Artificial Intelligence - foundations of computational agents -- 7.2 Supervised Learning

Third edition of Artificial Intelligence: foundations of computational agents, Cambridge University Press, 2023 is now available (including the full text).

7.2 Supervised Learning

An abstract definition of supervised learning is as follows. Assume the learner is given the following data:

a set of input features, X₁,...,X_n;
a set of target features, Y₁,...,Y_k;
a set of training examples, where the values for the input features and the target features are given for each example; and
a set of test examples, where only the values for the input features are given.

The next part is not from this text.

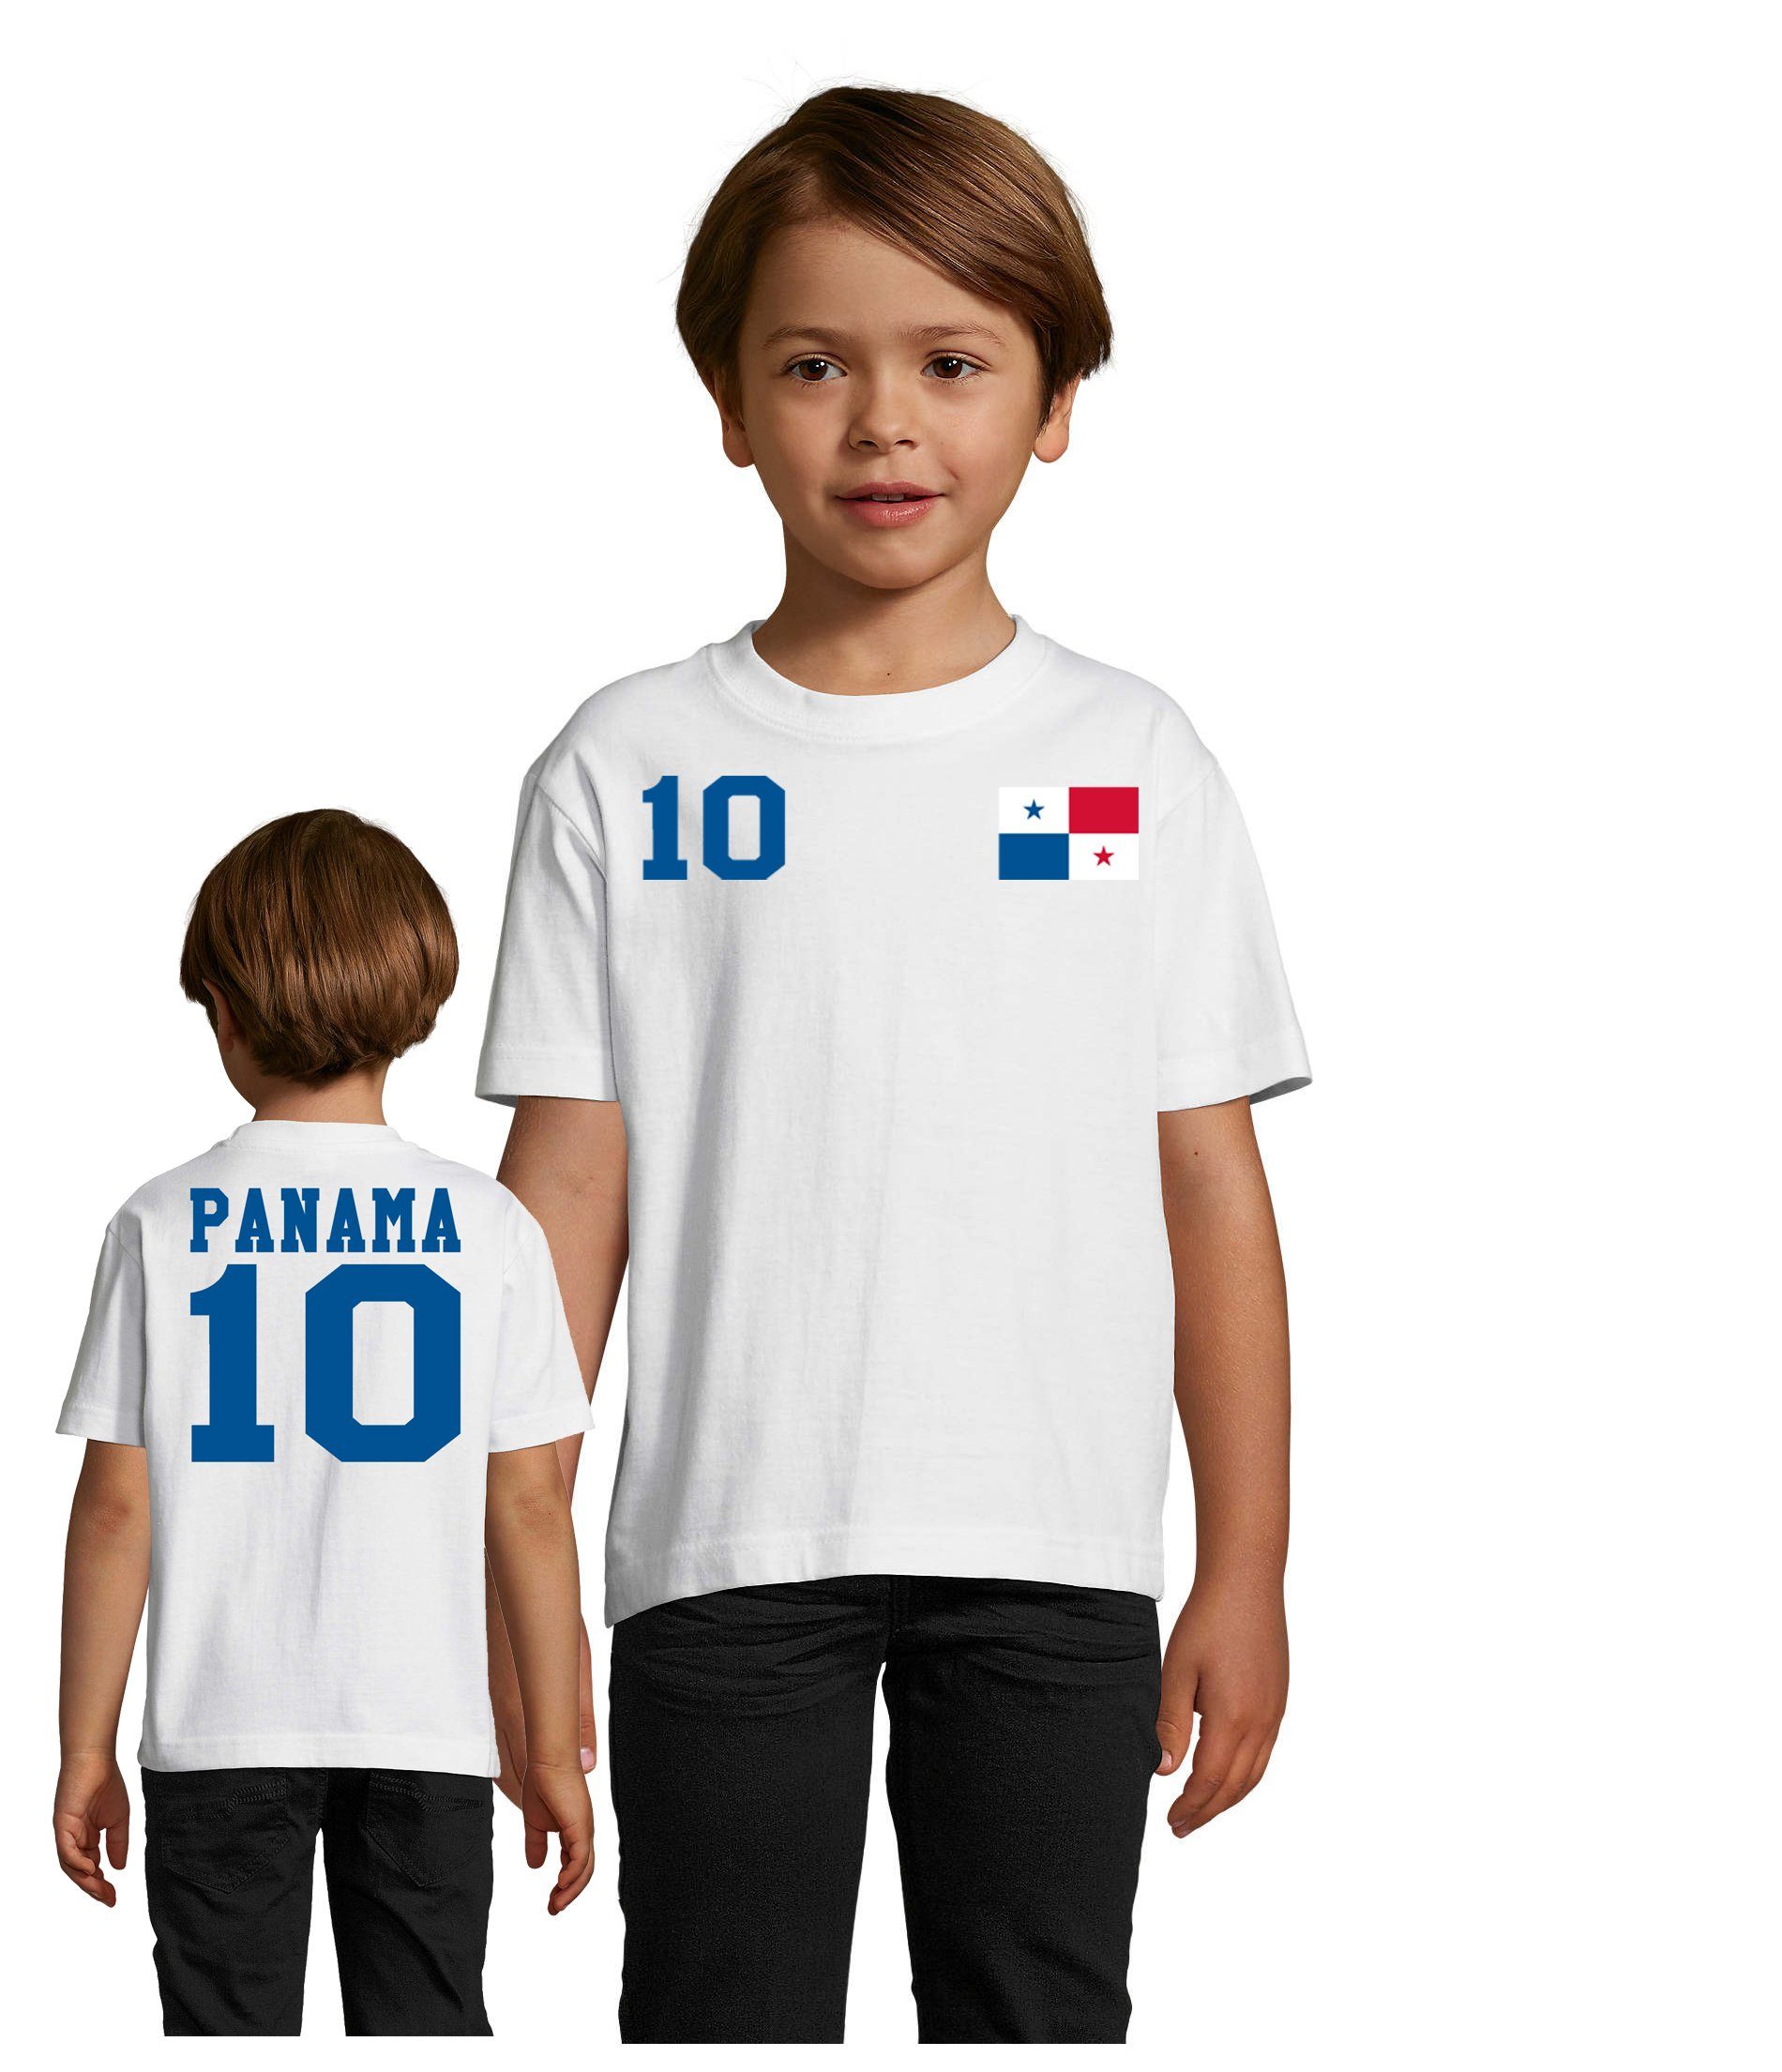 Blondie & Brownie T-Shirt Kinder Panama Fun Fan Sport Trikot Fußball Meister WM Copa America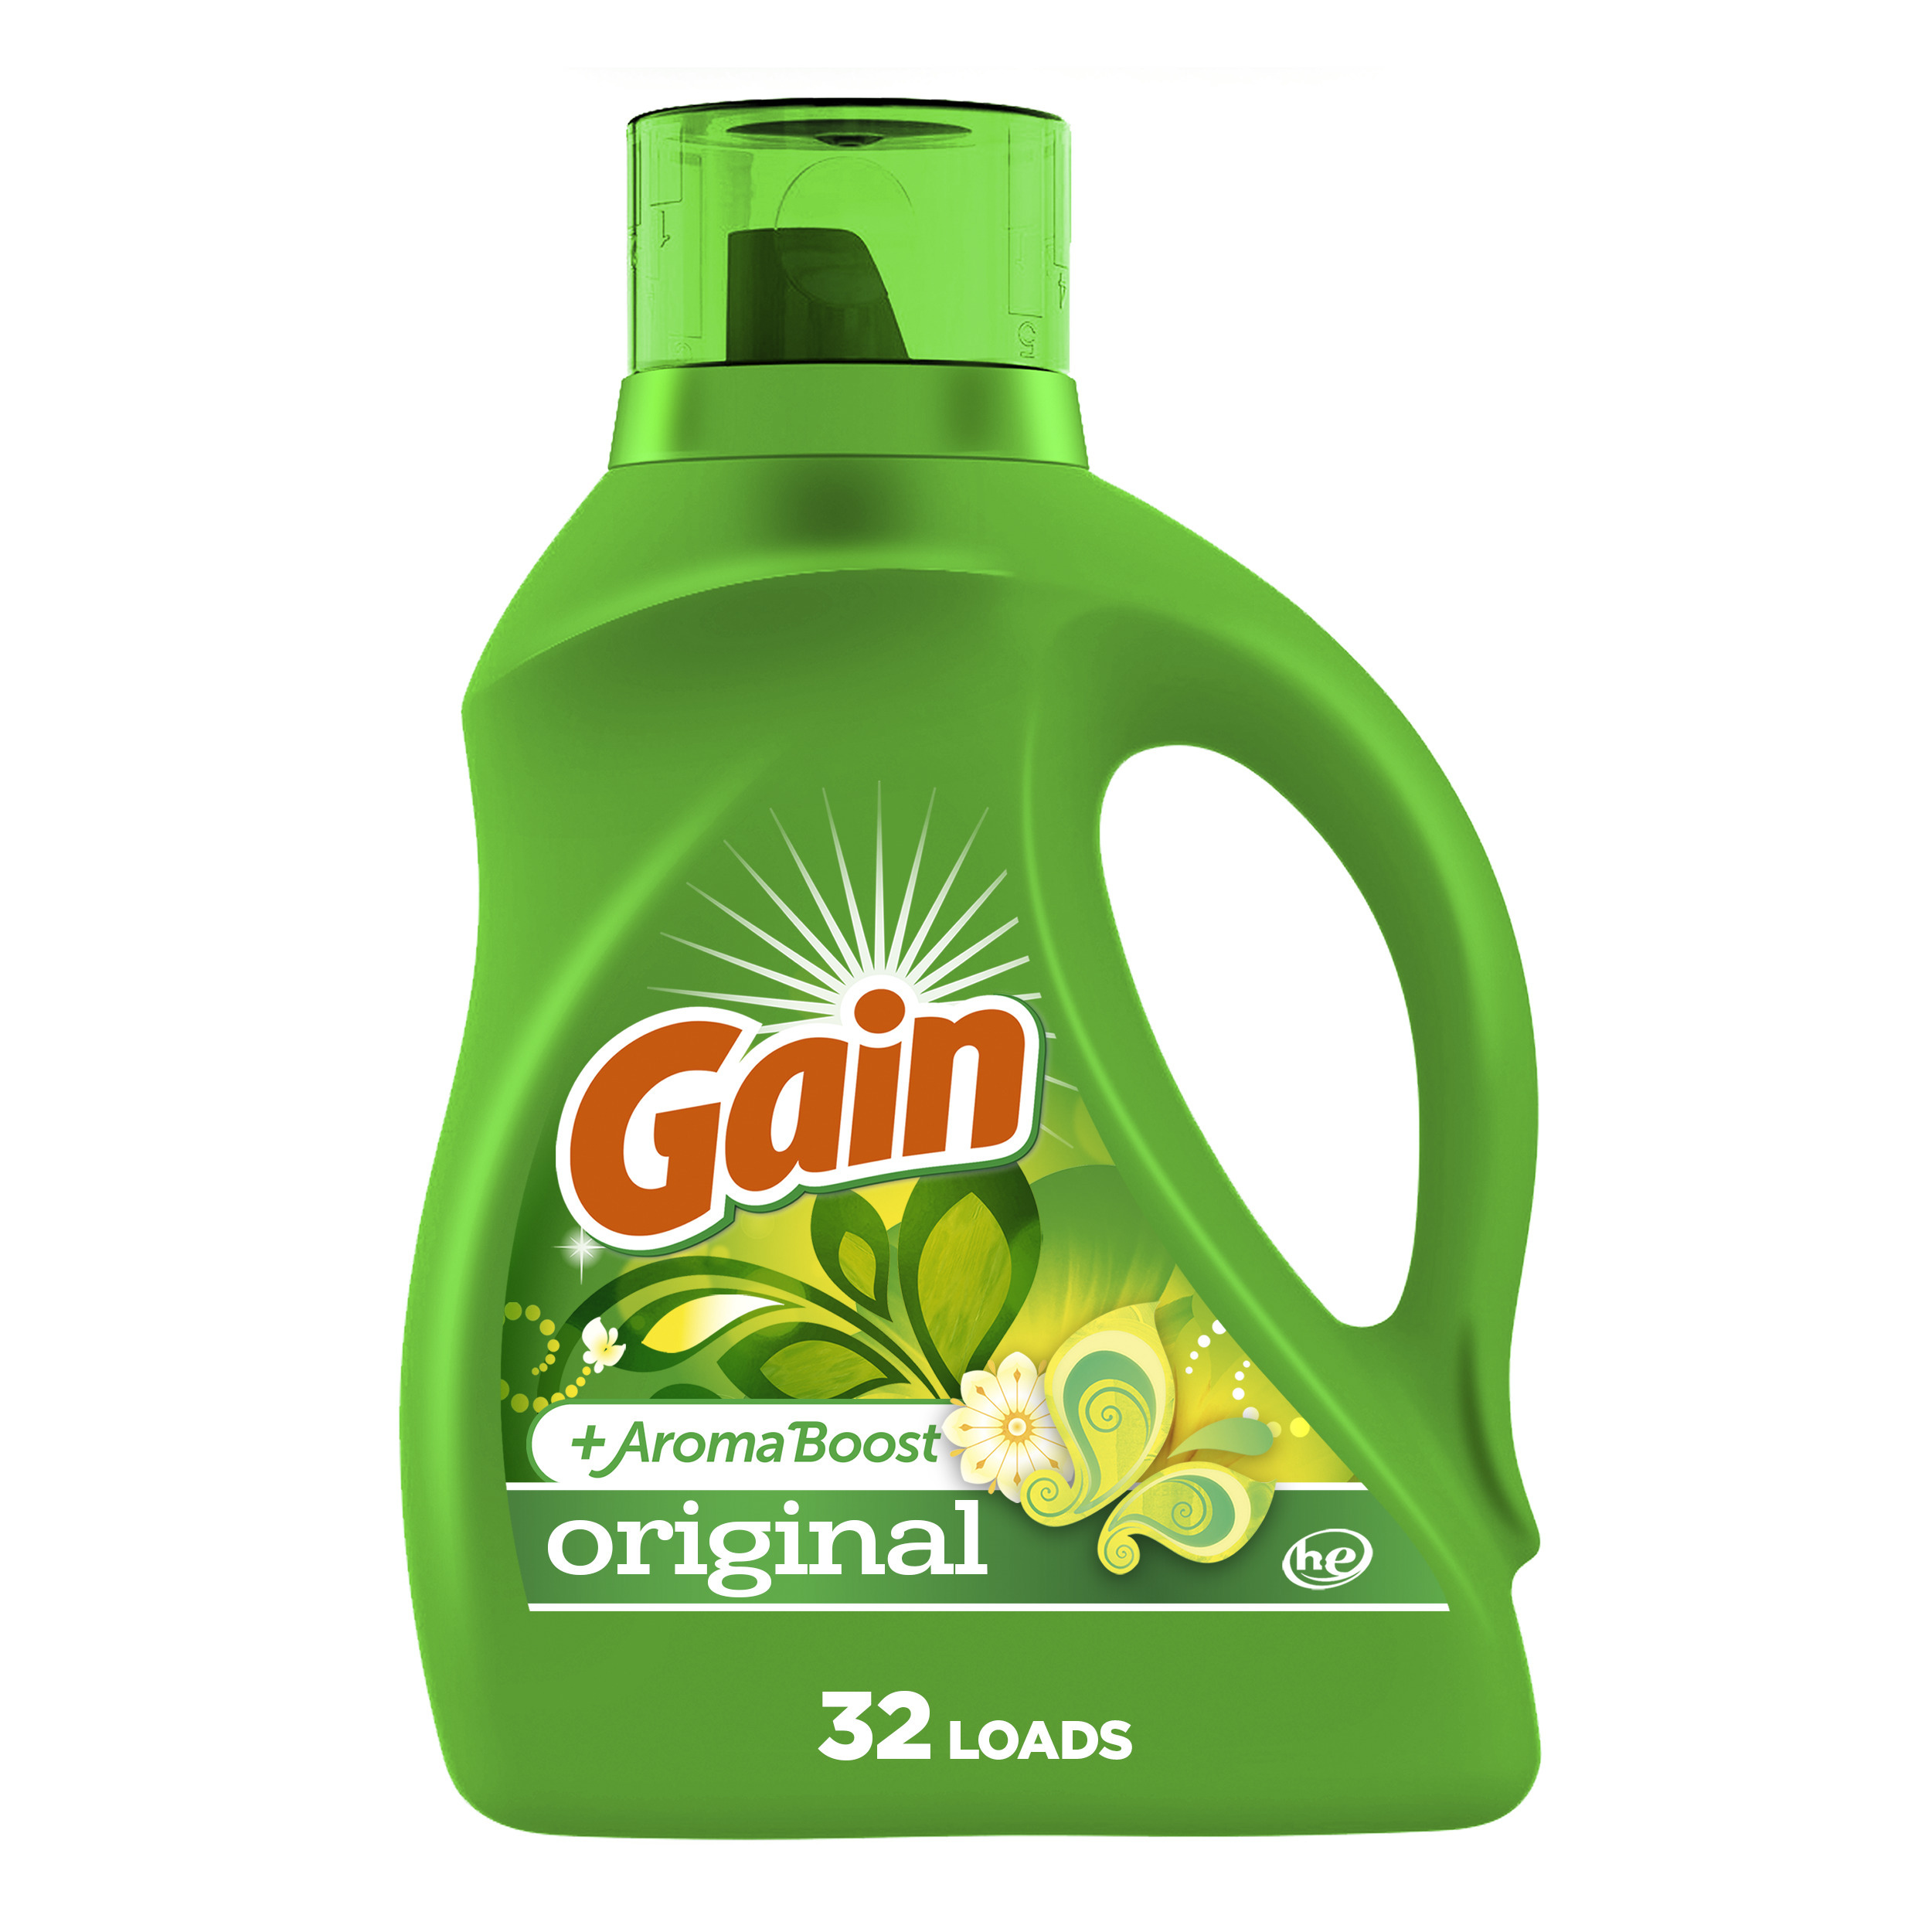 Gain + Aroma Boost Liquid Laundry Detergent, Original Scent, 32 Loads, 46 fl oz, HE Compatible - image 1 of 8

The aim is to predict the values of the target features for the test examples and as-yet-unseen examples. Typically, learning is the creation of a representation that can make predictions based on descriptions of the input features of new examples.

If e is an example, and F is a feature, let val(e,F) be the value of feature F in example e.

Example	Author	Thread	Length	Where Read	User Action
e₁	known	new	long	home	skips
e₂	unknown	new	short	work	reads
e₃	unknown	follow Up	long	work	skips
e₄	known	follow Up	long	home	skips
e₅	known	new	short	home	reads
e₆	known	follow Up	long	work	skips
e₇	unknown	follow Up	short	work	skips
e₈	unknown	new	short	work	reads
e₉	known	follow Up	long	home	skips
e₁₀	known	new	long	work	skips
e₁₁	unknown	follow Up	short	home	skips
e₁₂	known	new	long	work	skips
e₁₃	known	follow Up	short	home	reads
e₁₄	known	new	short	work	reads
e₁₅	known	new	short	home	reads
e₁₆	known	follow Up	short	work	reads
e₁₇	known	new	short	home	reads
e₁₈	unknown	new	short	work	reads
e₁₉	unknown	new	long	work	?
e₂₀	unknown	follow Up	long	home	?

Figure 7.1: Examples of a user's preferences. These are some training and test examples obtained from observing a user deciding whether to read articles posted to a threaded discussion board depending on whether the author is known or not, whether the article started a new thread or was a follow-up, the length of the article, and whether it is read at home or at work. e₁,...,e₁₈ are the training examples. The aim is to make a prediction for the user action on e₁₉, e₂₀, and other, currently unseen, examples.

Example 7.1: Figure 7.1 shows training and test examples typical of a classification task. The aim is to predict whether a person reads an article posted to a bulletin board given properties of the article. The input features are Author, Thread, Length, and Where Read. There is one target feature, User Action. There are eighteen training examples, each of which has a value for all of the features.

In this data set, val(e₁₁,Author)=unknown, val(e₁₁,Thread)=follow Up, and val(e₁₁,UserAction)=skips.

The aim is to predict the user action for a new example given its values for the input features.

The most common way to learn is to have a hypothesis space of all possible representations. Each possible representation is a hypothesis. The hypothesis space is typically a large finite, or countably infinite, space. A prediction is made using one of the following:

the best hypothesis that can be found in the hypothesis space according to some measure of better,
all of the hypotheses that are consistent with the training examples, or
the posterior probability of the hypotheses given the evidence provided by the training examples.

One exception to this paradigm is in case-based reasoning, which uses the examples directly.